Expatriate Owl

A politically-incorrect perspective that does not necessarily tow the party line, on various matters including but not limited to taxation, academia, government and religion.

Sunday, December 18, 2005

MTA vs. TWU: Follow-up

To follow up on the prior posting regarding the labor dispute in New York City between the Metropolitan Transportation Authority and Transport Workers Union Local 100:

The purpose of this posting is not to give a blow-by-blow account of the ongoing labor dispute, nor to parrot other blogs or news articles. Like other posts on this blog, this is nothing more or less than my own general perspective to the situation. And, like many if not most of my other posts, it is a perspective that does not comfortably fit into any typical or stereotypical niche or hole.

As a preliminary matter, I shall disclose that I have a teaching gig at a New York public educational institution, and as such, am a public employee covered by the "no strike" provision of the Taylor Law. I am also a dues-paying member of the relevant public employee union, notwithstanding my extreme philosophical and political differences with unions in general and my union in particular. So already, I do not conform to the stereotype!

And, to all you unionist and union sympathizers, don't cry too hard for the TWU! The Taylor Law, which prohibits public employees from striking, isn't totally anti-union. To the contrary, Section 208(3) of the Taylor Law allows the public employee unions to take an "agency shop fee" deduction from public employees who are not union members. So if you are a public employee in New York, the union touches your paycheck whether or not you are a member. This is legalized extortion!

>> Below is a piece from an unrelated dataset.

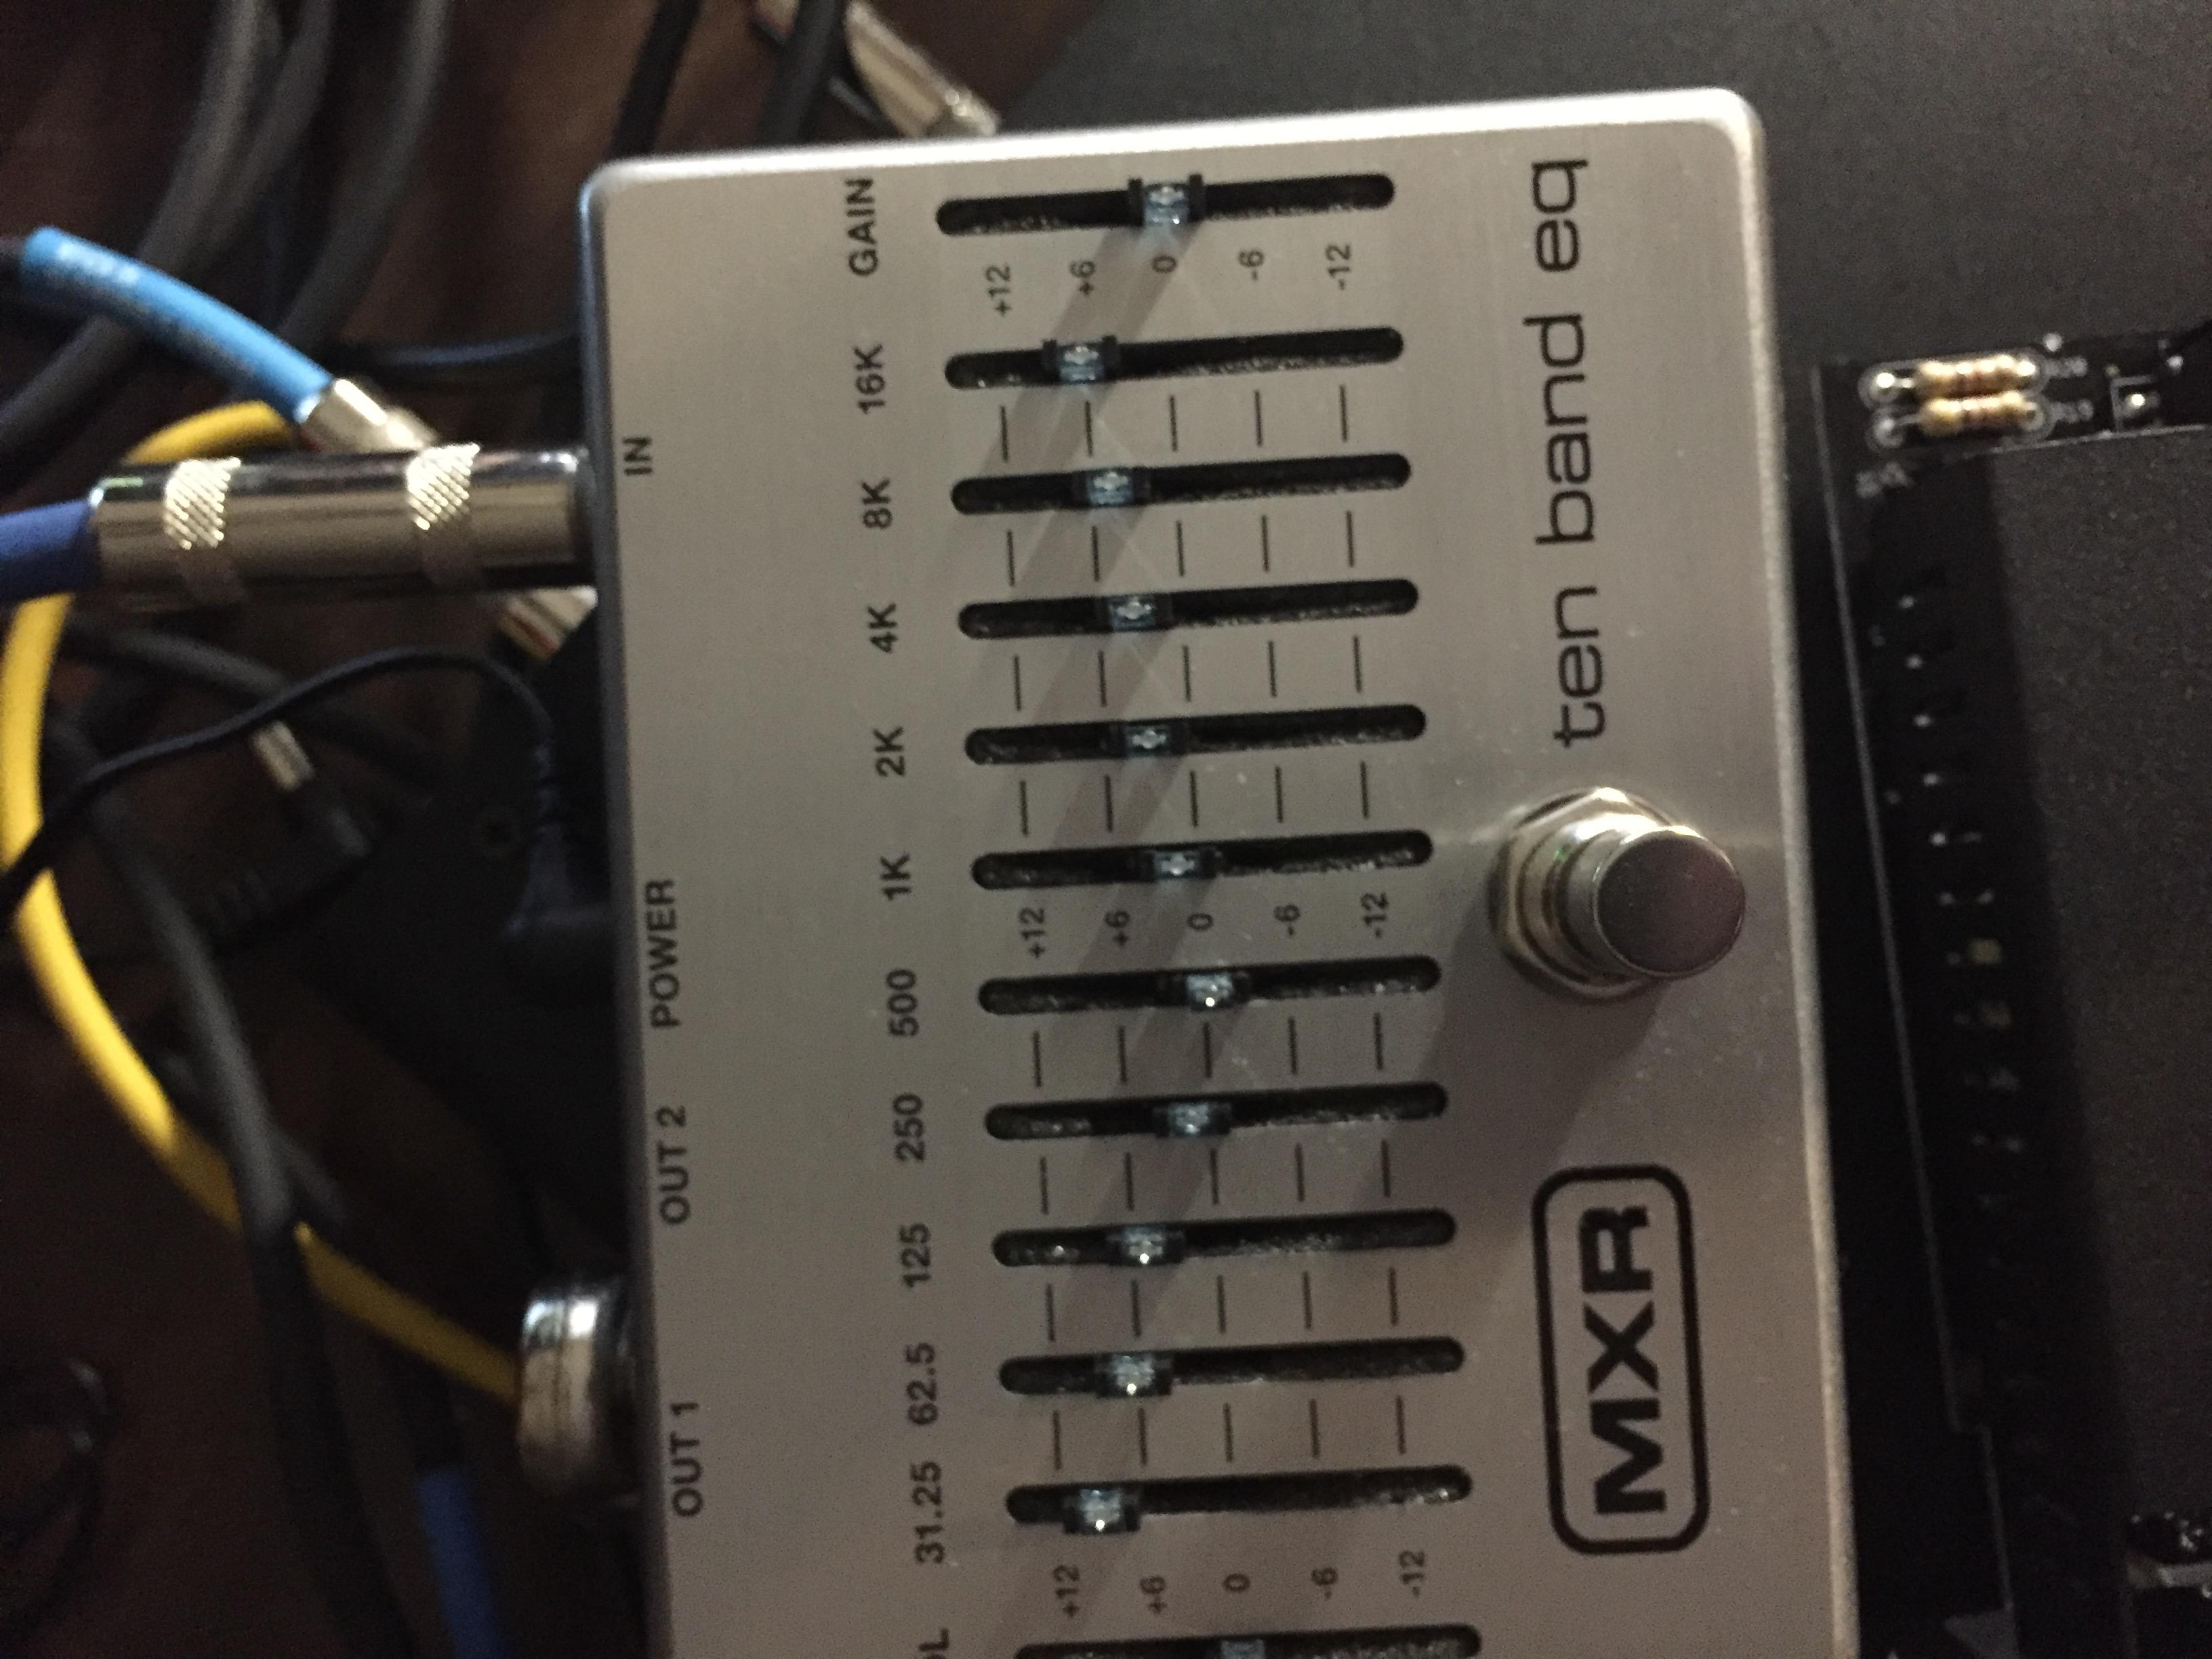 setting up an eq-eq-tone-match-powerstage-el34-mxr-jpg
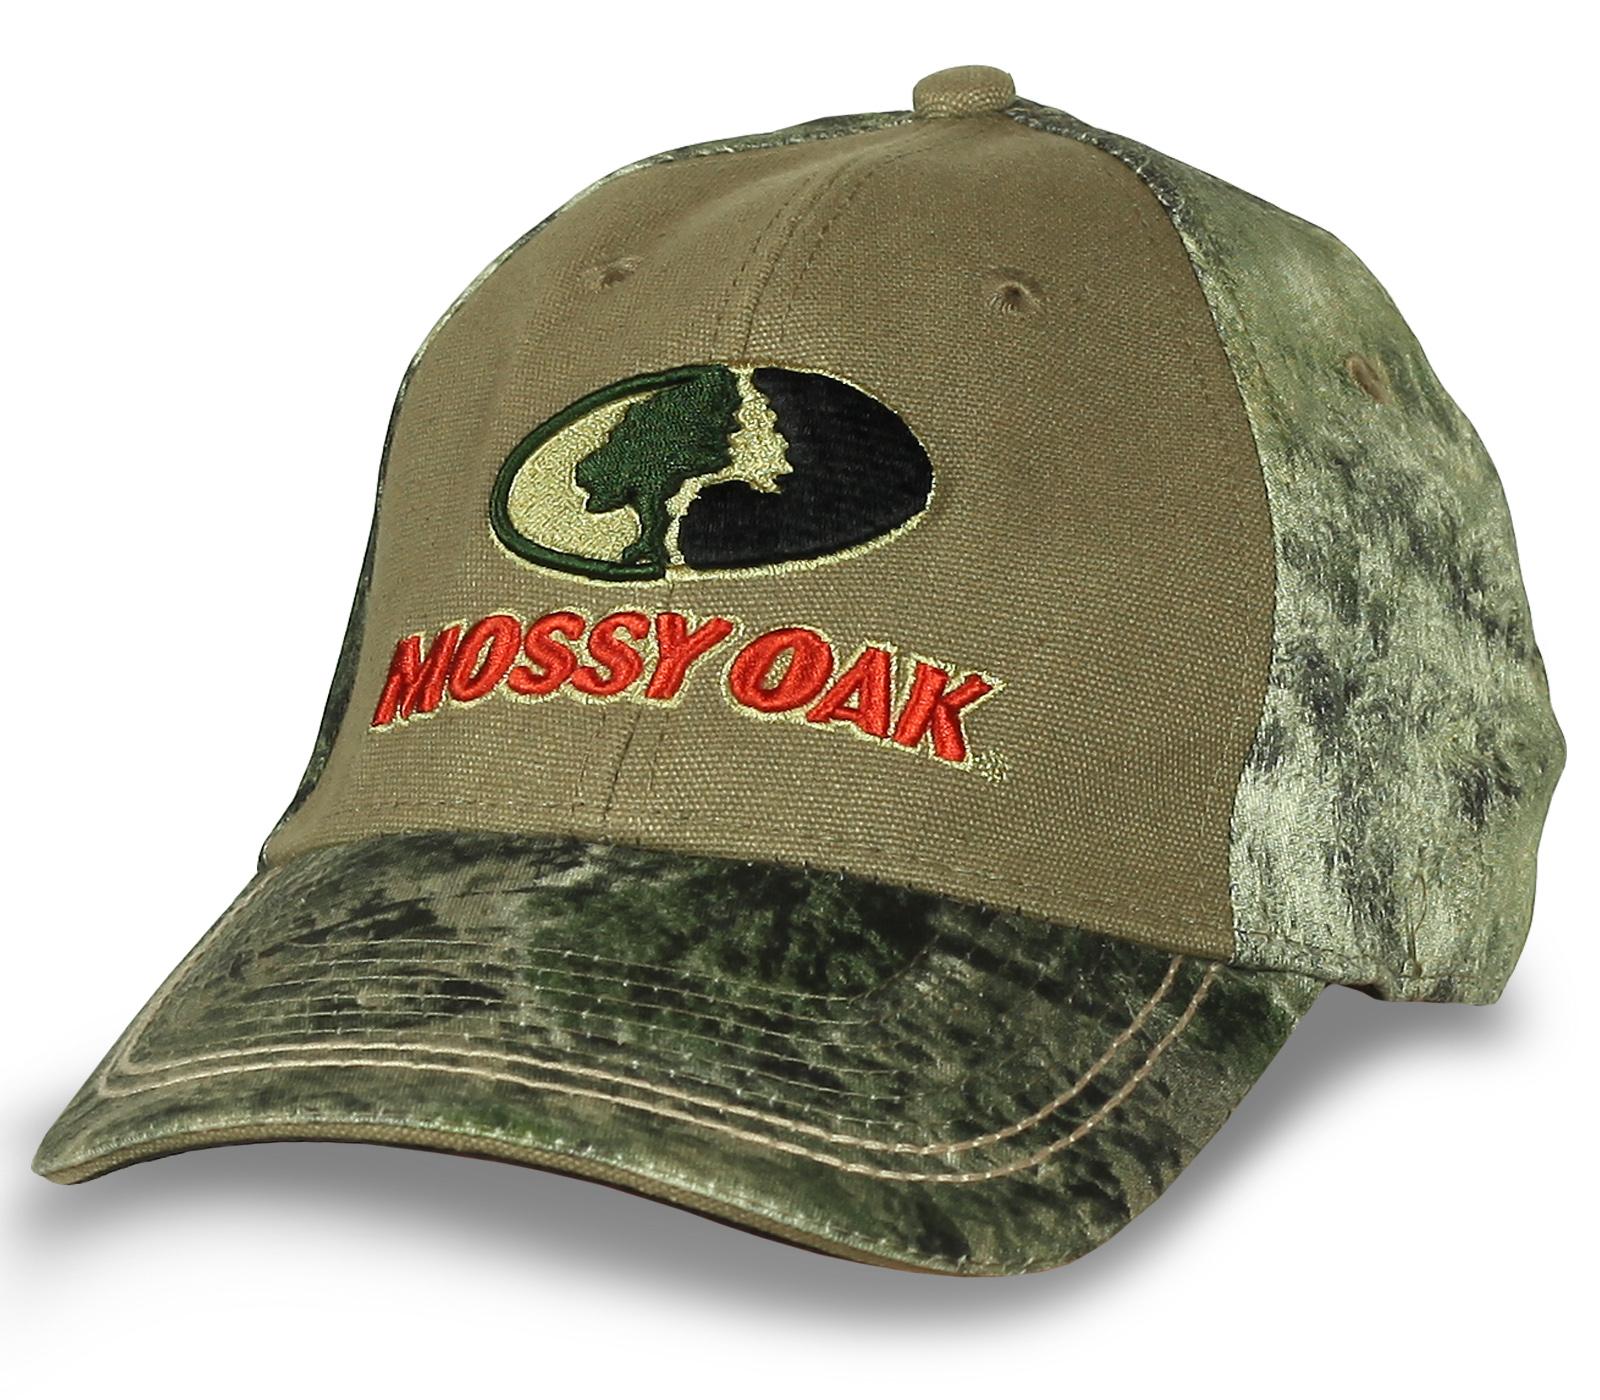 Mossy Oak бейсболка с лесным ярким камуфляжем

There is now in effect a preliminary injunction against the a strike, violations of which would supposedly cost the TWU and its individual members beaucoup bucks. The TWU has rejected what the MTA has purported as its best and final offer, and has threatened to go on strike at 12:01 AM on Tuesday 20 December 2005.

In my prior post, I said that "[w]hat it all boils down to is which side will blink first." This assessment still holds. The Taylor Law (properly known as the Public Employees' Fair Employment Act, and codified as Article 14 of the New York Civil Service Law) was enacted in 1967, in response to the 1966 TWU strike that crippled New York City. But the Taylor Law's "no strike" provision has proven to be a farce. The TWU stopped work for 11 days in 1980, and was given amnesty for striking. So, given the historical record, there are some serious questions as to whether the consequences provided in the "no strike" provisions of the Taylor Law will really be enforced.

The pattern of late has been (A) TWU-MTA contract heading towards expiration mode; (B) TWU making noises to the effect that it may strike; (C) government gets injunction against strike, with severe financial consequences if injunction is violated; and (D) labor dispute settles, new contract inked, and cycle begins anew. This script cannot continue indefinitely. Eventually, the TWU (or, perhaps, some other public employee union in New York) will step across the line and actually strike. And when (not if) that happens, the :no strike" provisions of the Taylor Law will be put to test. If there be amnesty, as happened with the 1980 strike, then the Taylor Law will prove to be nothing more than a another piece of paper to litter the subway platforms of New York. And enforcing the provisions would entail a prolonged period of transit system dysfunction until the replacement workers sufficiently progress up the learning curve.

Do Governor Pataki and Attorney General Spitzer have the baitzim to enforce the Taylor Law? Perhaps they do, but I, for one, am not making book on it. Both George Pataki and Eliot Spitzer are lame ducks who have immediate aspirations for higher office. They may be quite reluctant to soil their hands on the mess that would accompany any serious effort to enforce the Taylor Law.

If the "no strike" provisions of the Taylor Law are not to be given serious regard, then the Taylor Law is a farce, and its continued existence will ultimately breed contempt for the rule of law and contempt for the authorities who are supposed to enforce the law.

And so, I say that the Taylor Law should be enforced. But how do I reconcile this with the fact that that my own union is now in contract negotiations, and has in fact floated the possibility of an illegal strike? This presents no real contradiction, because if the Taylor Law is not enforced, it for all intents and purposes does not exist. And if the TWU can strike with impunity, then all I ask is that my own union be extended the same courtesy.